- [Requirement]
For the material below, reproduce exactly each line from the one that has "山东省高新技术企业证书" through the one that has "Le président du", and no others; pictures stay out.

The records section start

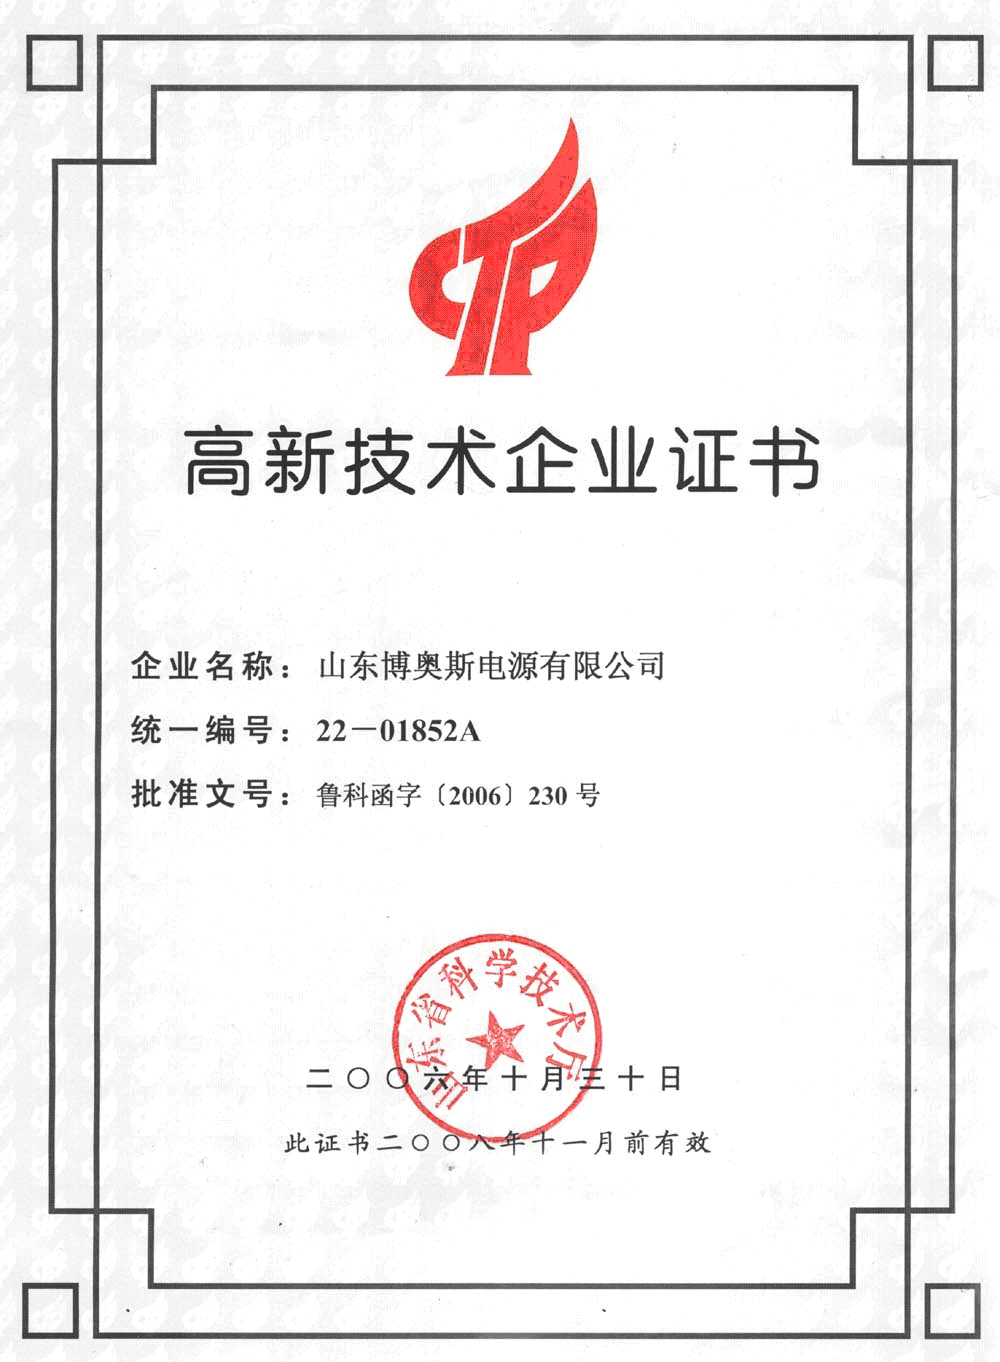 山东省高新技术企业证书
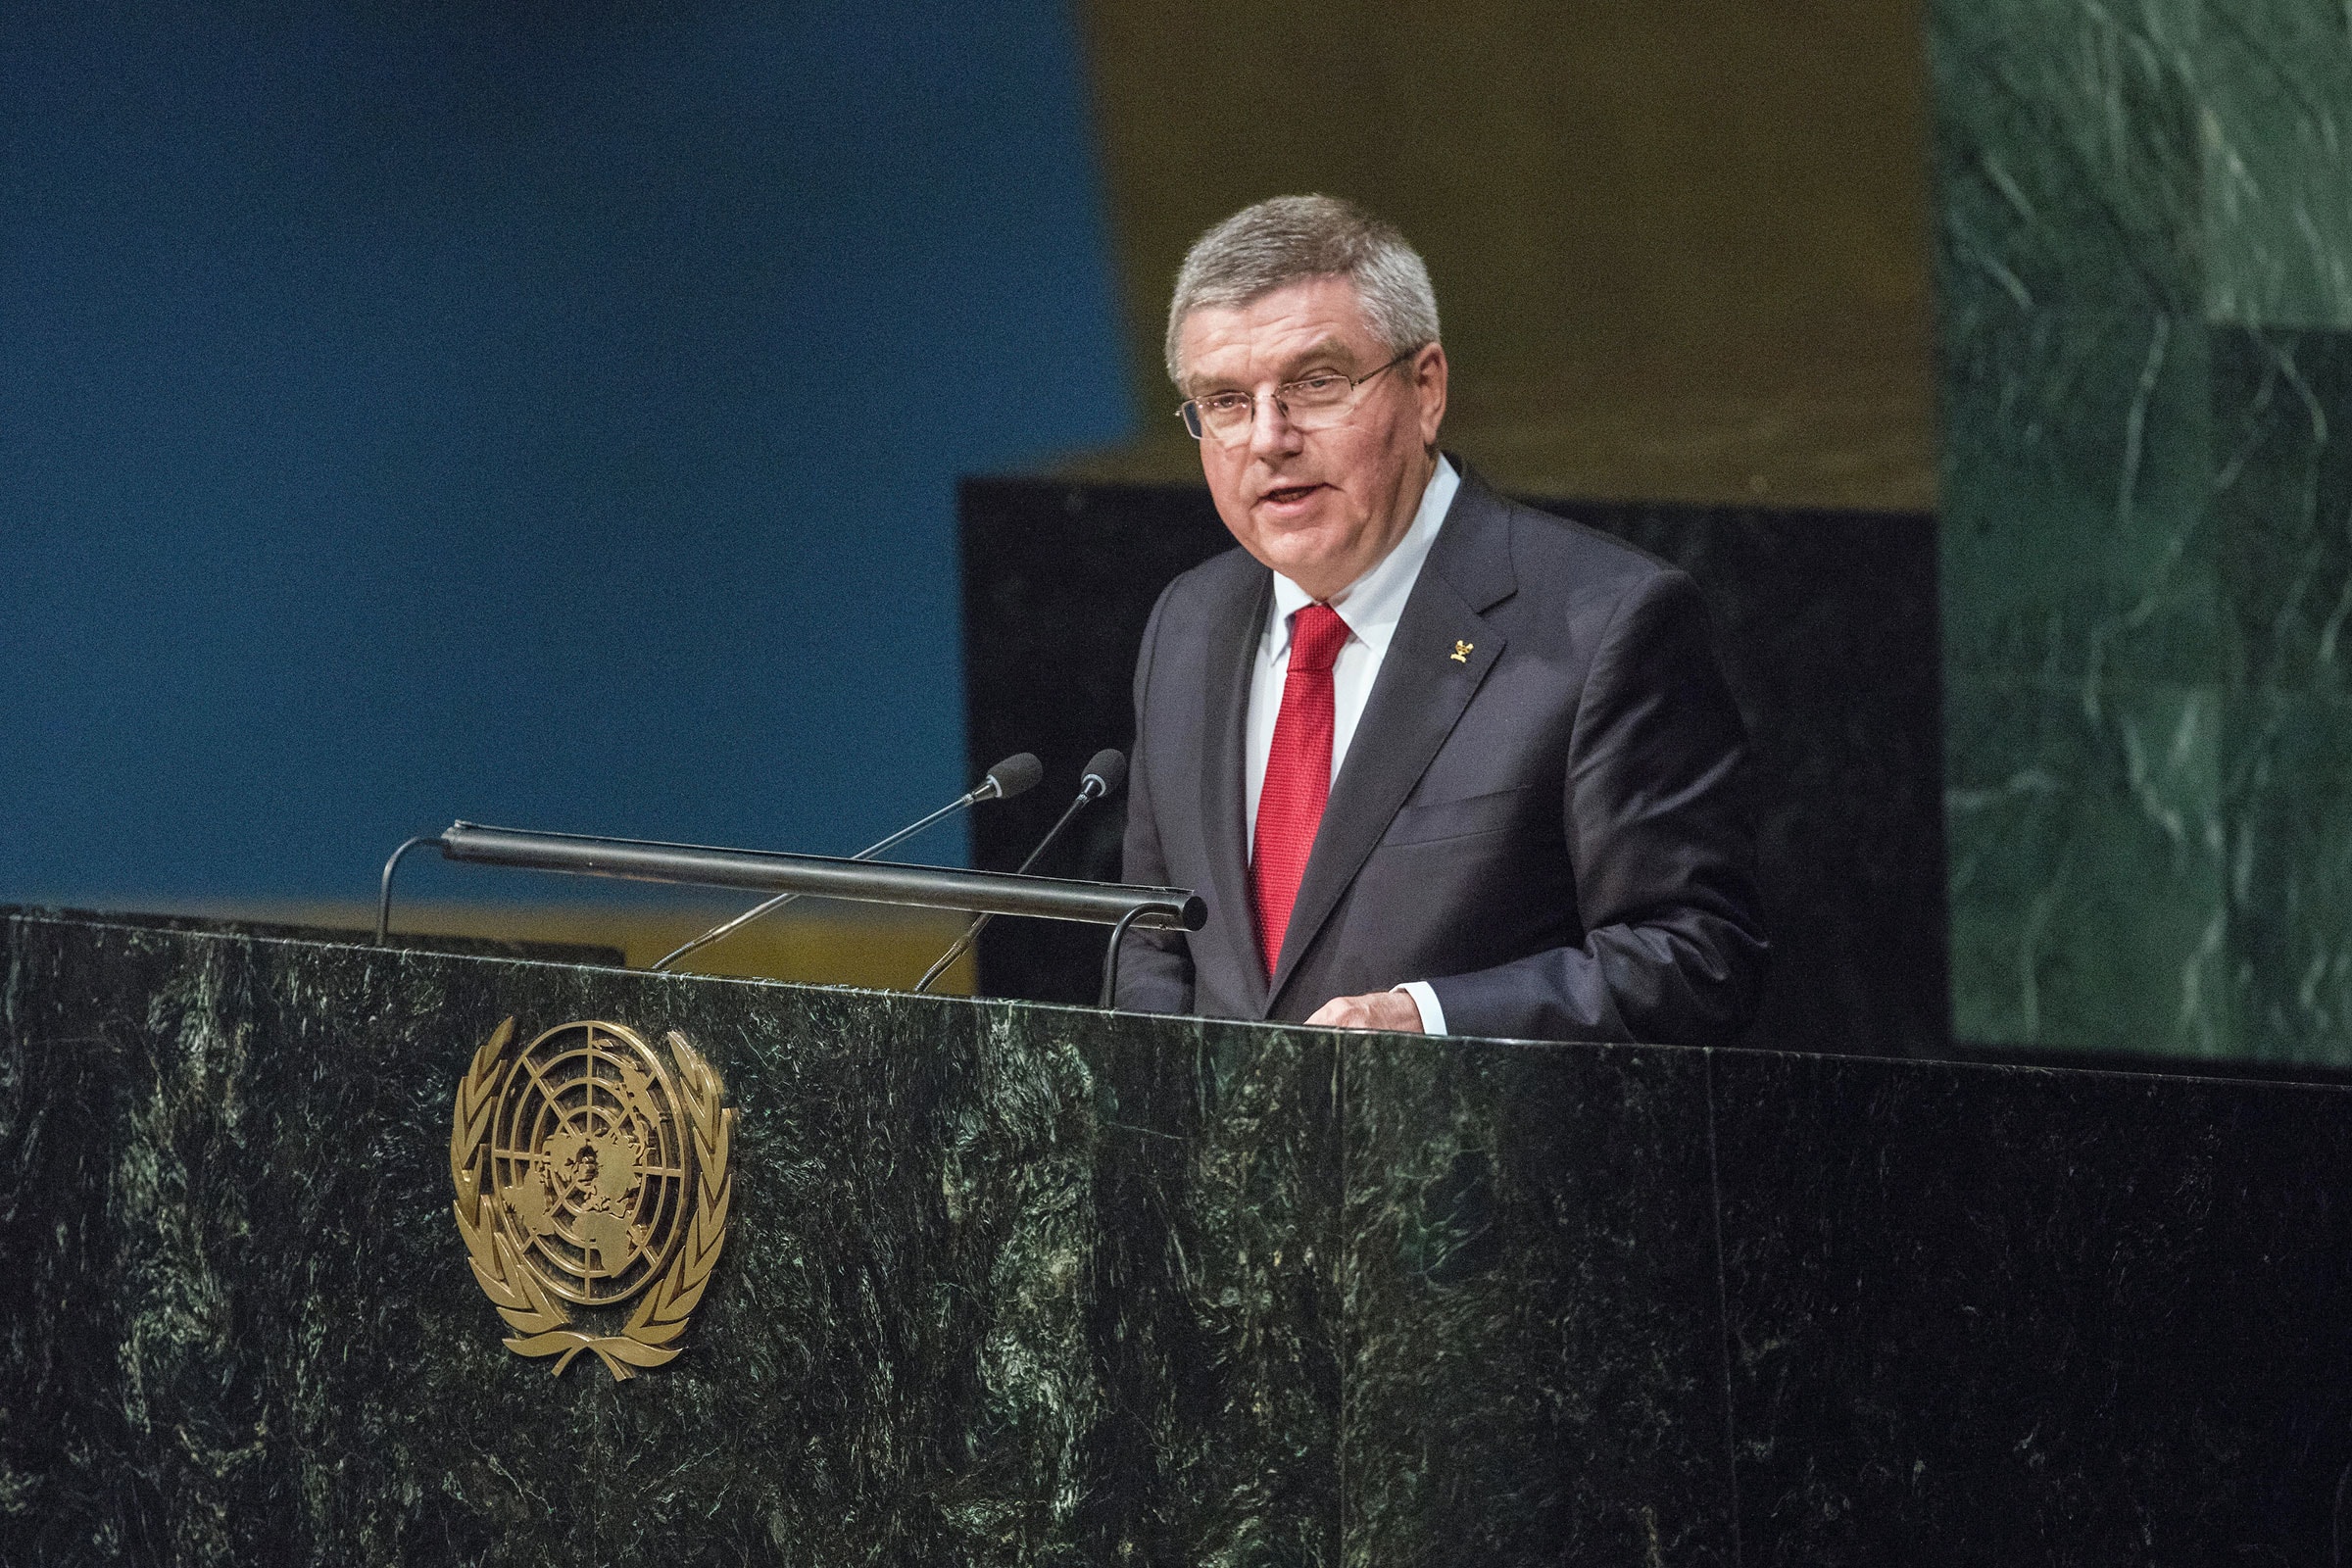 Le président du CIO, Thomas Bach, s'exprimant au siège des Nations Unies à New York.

The records section end
The records section start

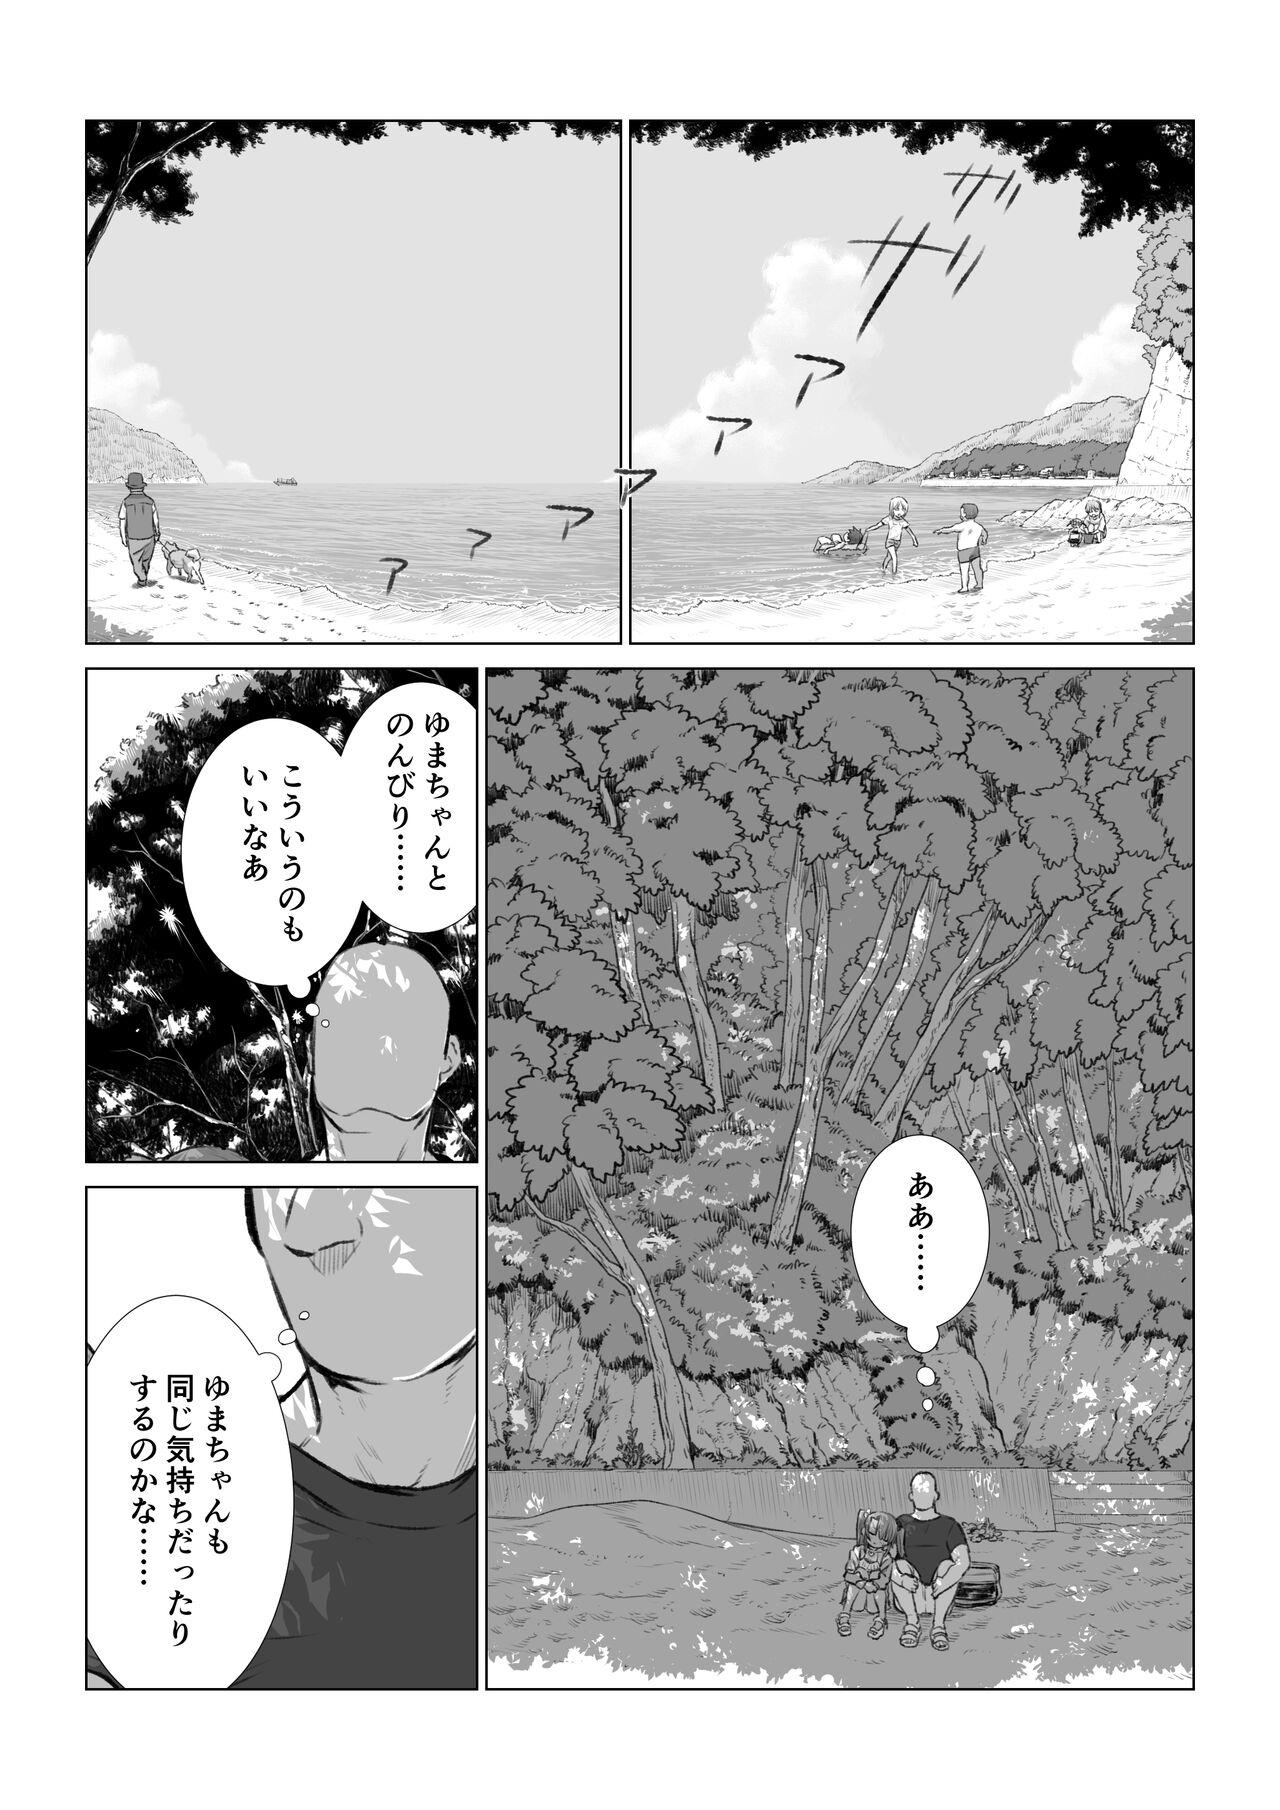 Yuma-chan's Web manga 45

The records section end
The records section start

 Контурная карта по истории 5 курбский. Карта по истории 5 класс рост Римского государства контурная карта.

The records section end

- [Exercise solution]
 山东省高新技术企业证书
 Le président du CIO, Thomas Bach, s'exprimant au siège des Nations Unies à New York.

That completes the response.